Introduction to Algorithms by Thomas H. Cormen, Charles E. Leiserson and Ronald L. Rivest and Clifford Stein : Chapter 31

The author discuss about number-theoretic algorithms in this chapter. The author defines the concept of divisibility and divisors. The author also defines the concept of prime and composite numbers. The author provides division theorem, then proves it. The author defines remainders, common divisors and greatest common divisors, relatively prime integers and unique factorization.

The author then provides Euclid's algorithm to find greatest common divisor and state and prove its running time.

The author defines finite groups and subgroup and proves some theorems on it.

The author then discusses how to solve modular linear equations. The author proves some theorems and corollaries.

The author then describes the Chinese Remainder Theorem and prove it along with some corollaries.
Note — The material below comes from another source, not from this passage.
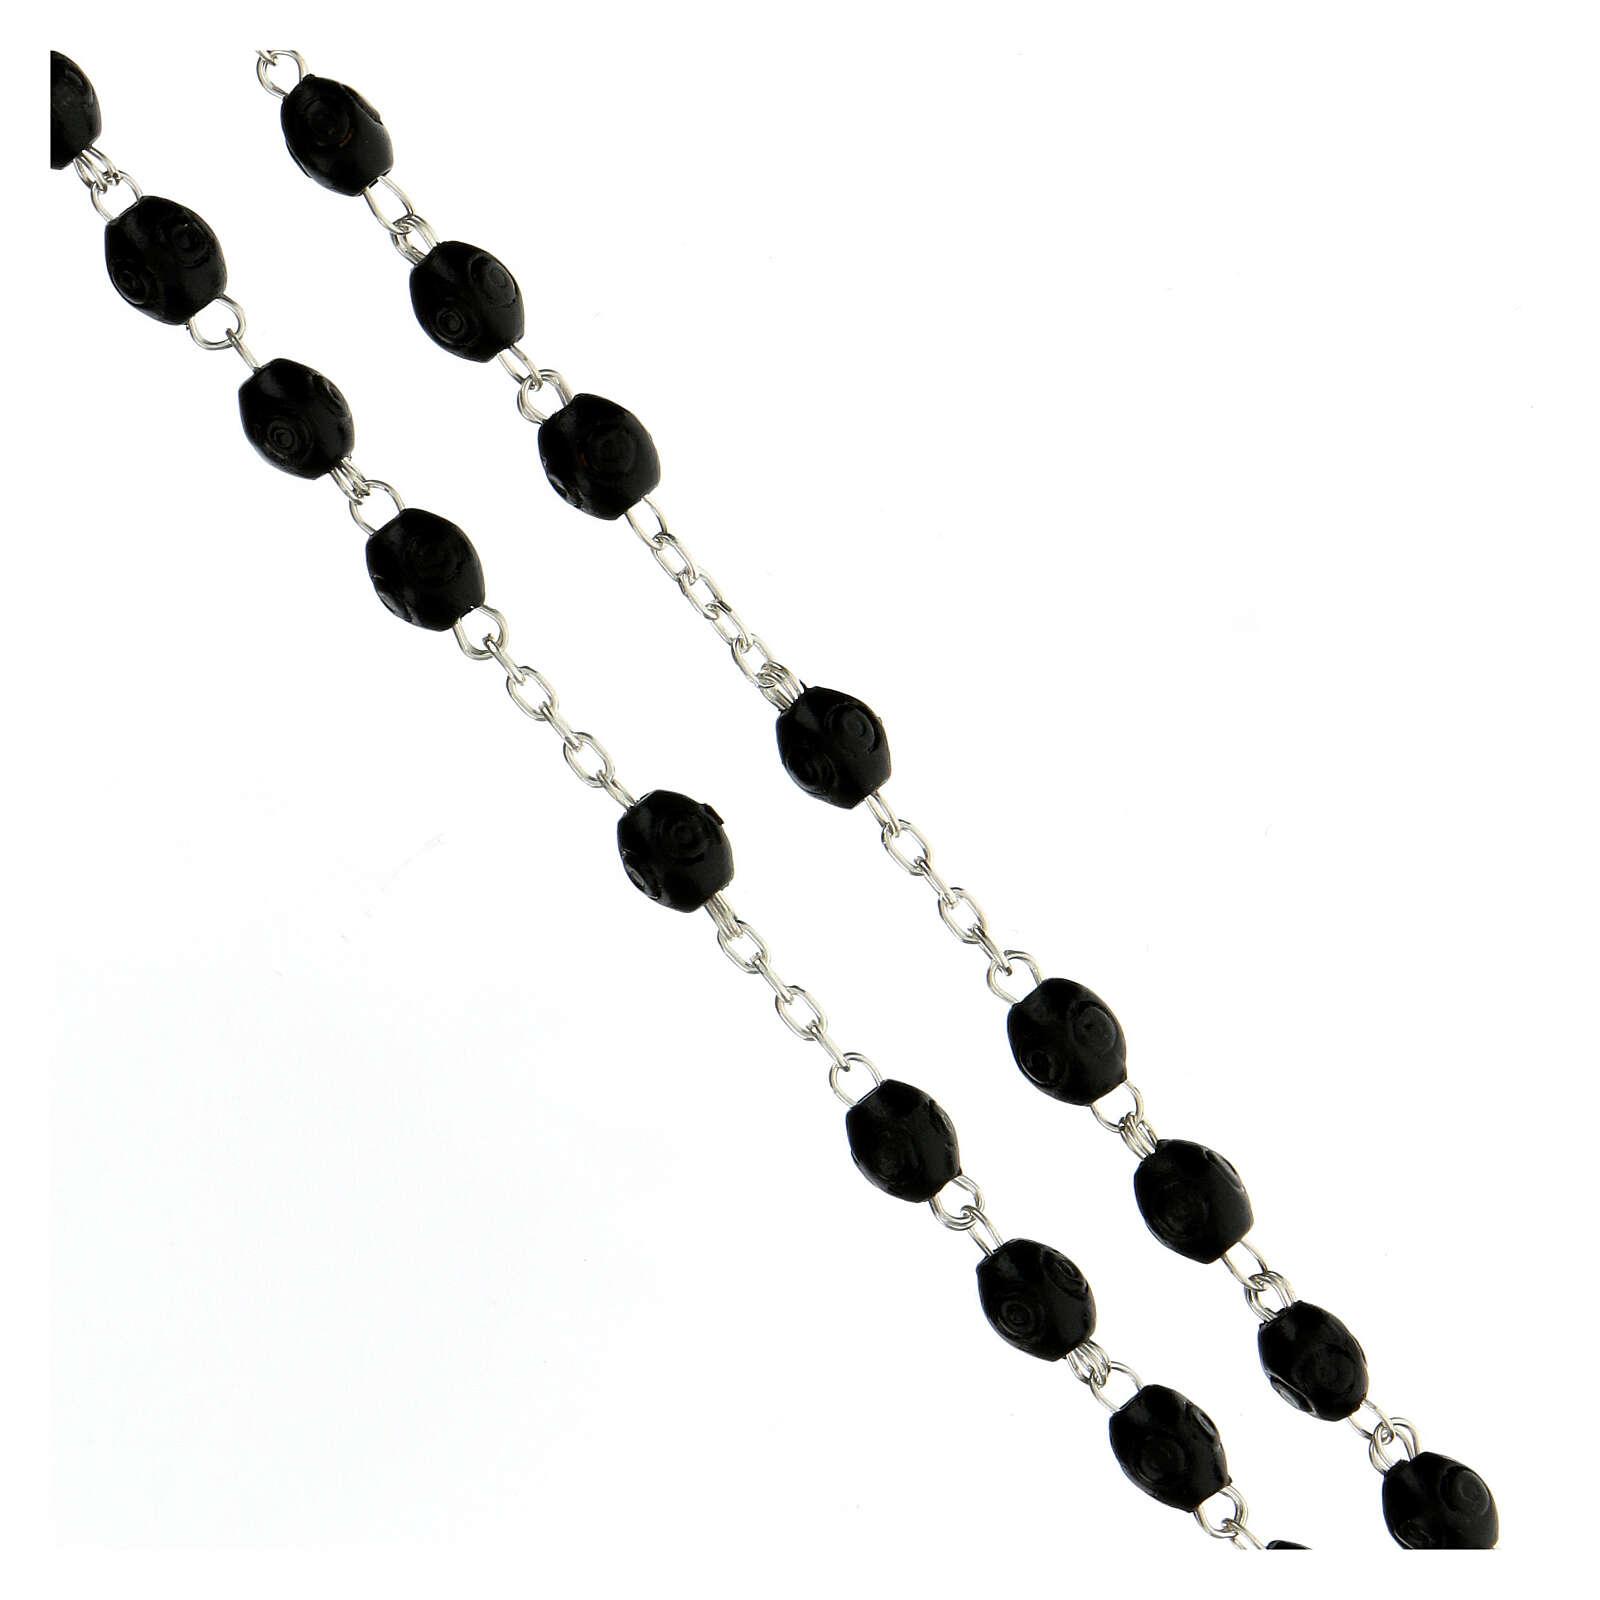 Rosario argento 925 croce tubolare grani ovali legno nero 8x6 mm 4

The authors then discuss modular arithmetic with powers of an element instead of multiplication. The author states Euler's, Fermat's and Discrete logarithm theorem.

The authors then define RSA public-key cryptosystem and proves its correctness.

The authors then discuss primality testing and provides prime number theorem which provides details of density of prime numbers. The author provides pseudo-primality test and miller-rabin randomized primality test.

The author discusses the problem of integer factorization and provides Pollard's rho heuristic.